• DATA EXCERPT:

+-------+

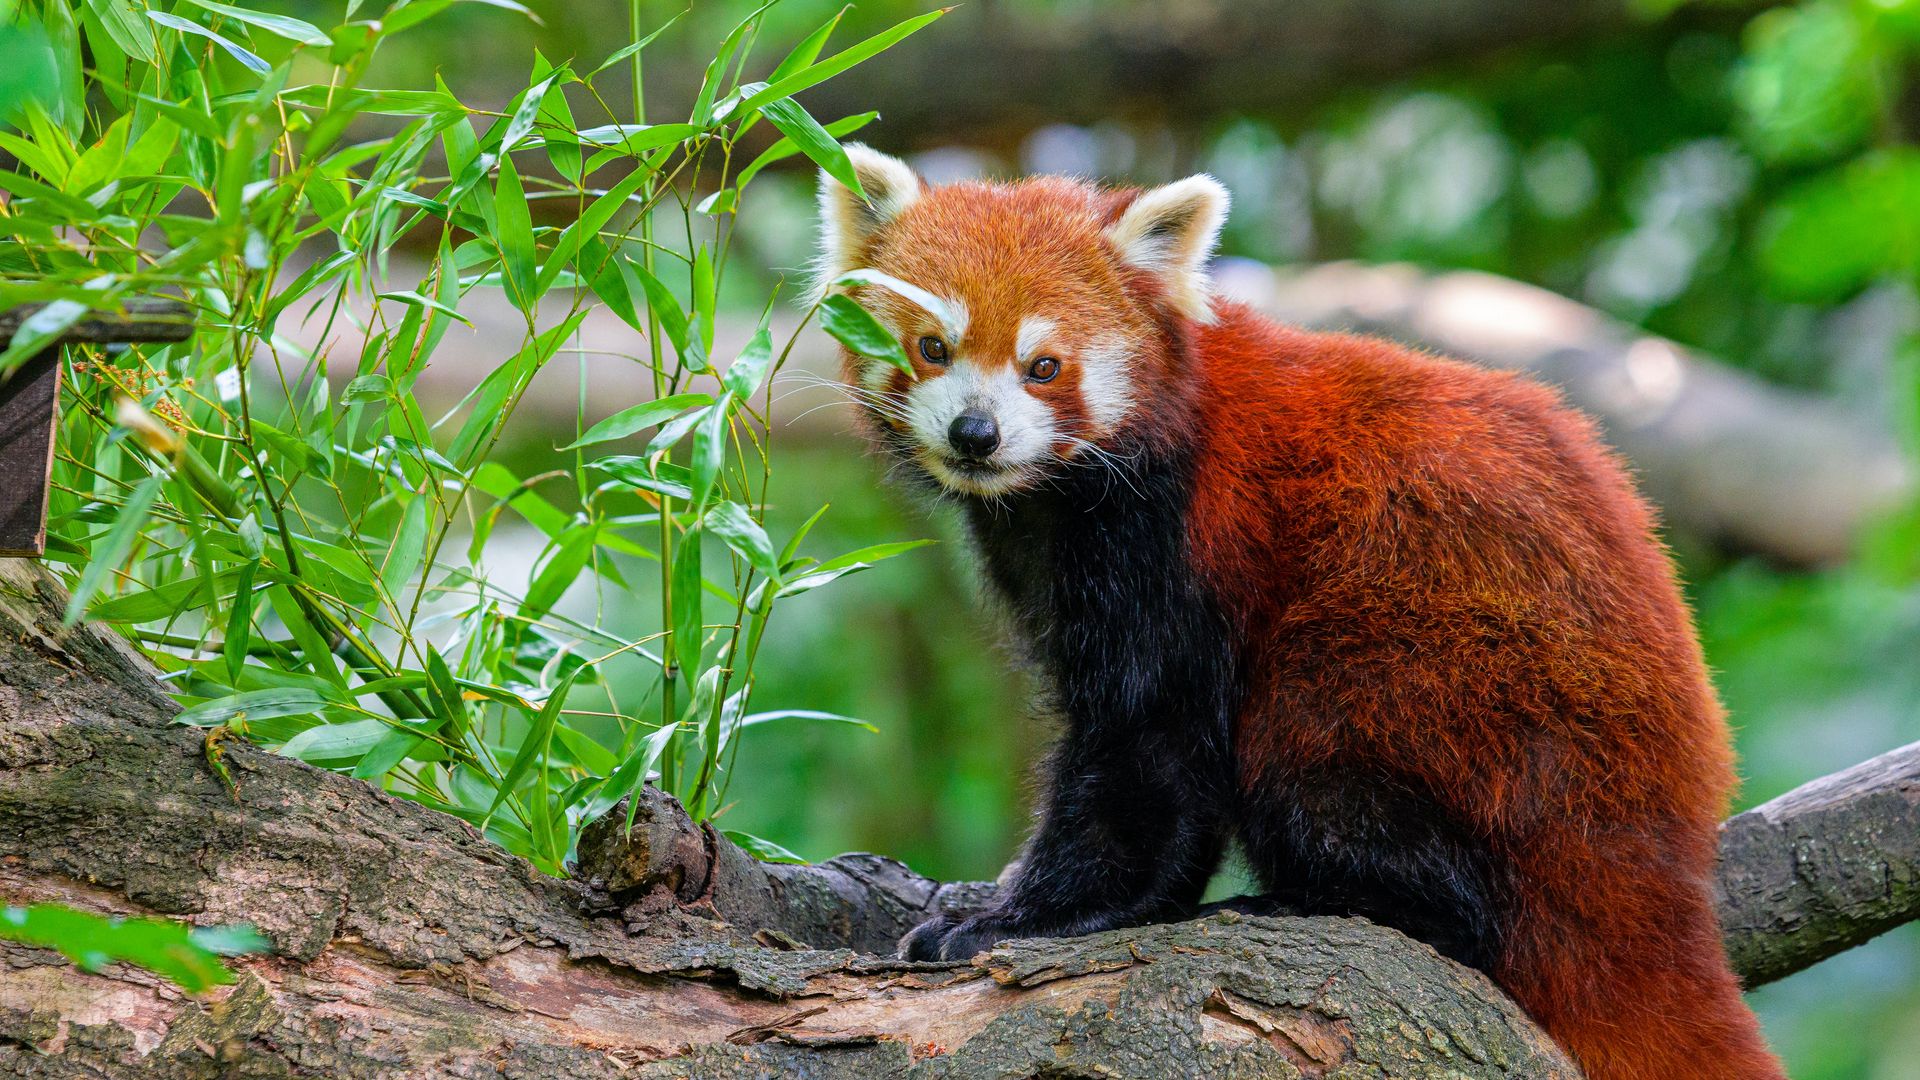 Download wallpaper 1920x1080 red panda, tree, leaves, wildlife full hd ...
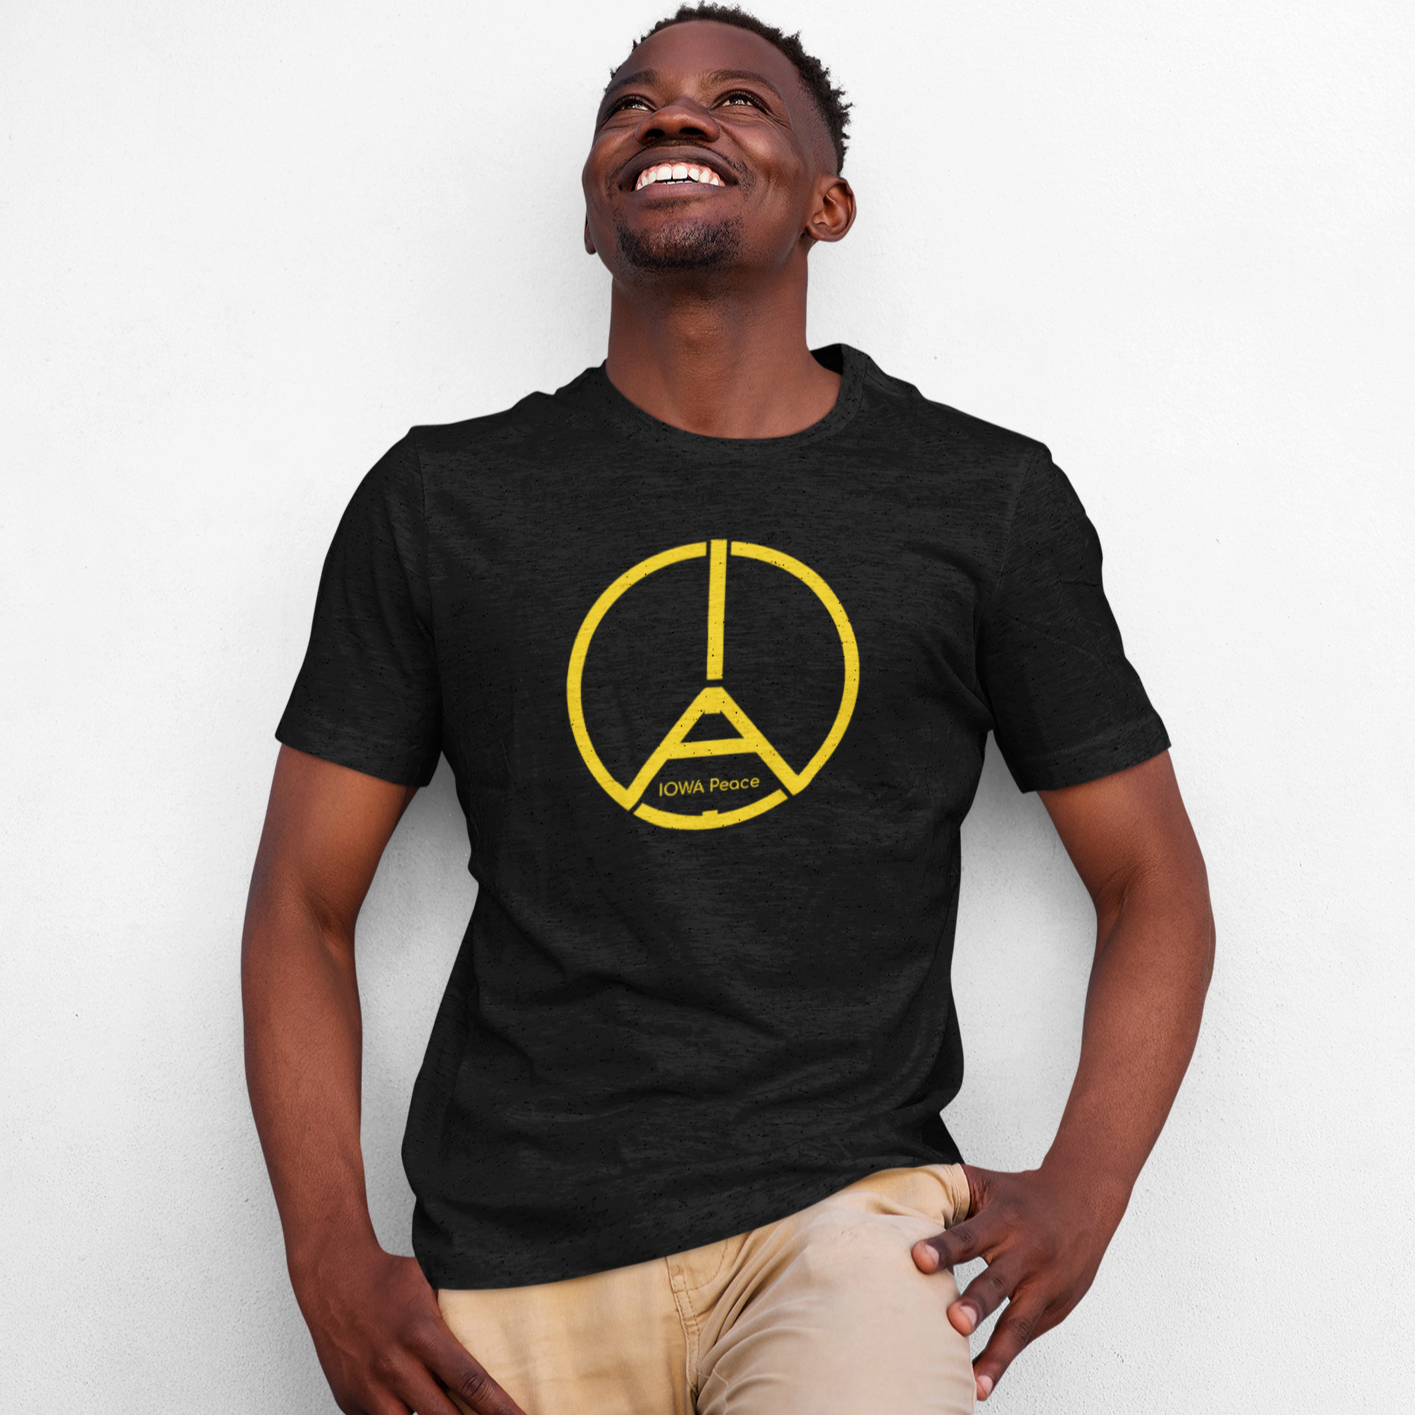 "IOWA Peace" Symbol T-Shirt Black & Gold
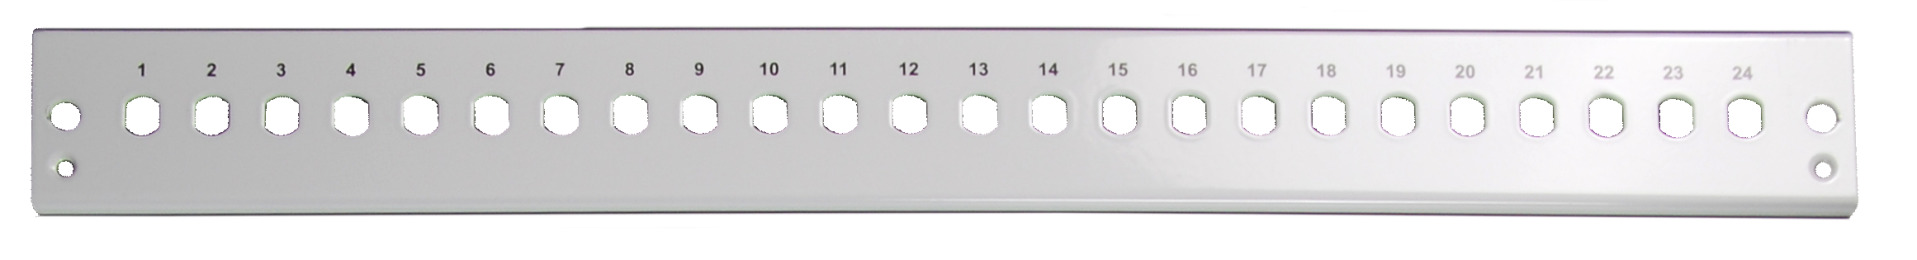 Front panel 24 x ST/FC (D-hole), grey

+-------+

• PROBLEM DETAILS:
Set down all of the material word for word, minus its pictures.

• WRITTEN SOLUTION:
 Download wallpaper 1920x1080 red panda, tree, leaves, wildlife full hd ...
 "IOWA Peace" Symbol T-Shirt Black & Gold
 Front panel 24 x ST/FC (D-hole), grey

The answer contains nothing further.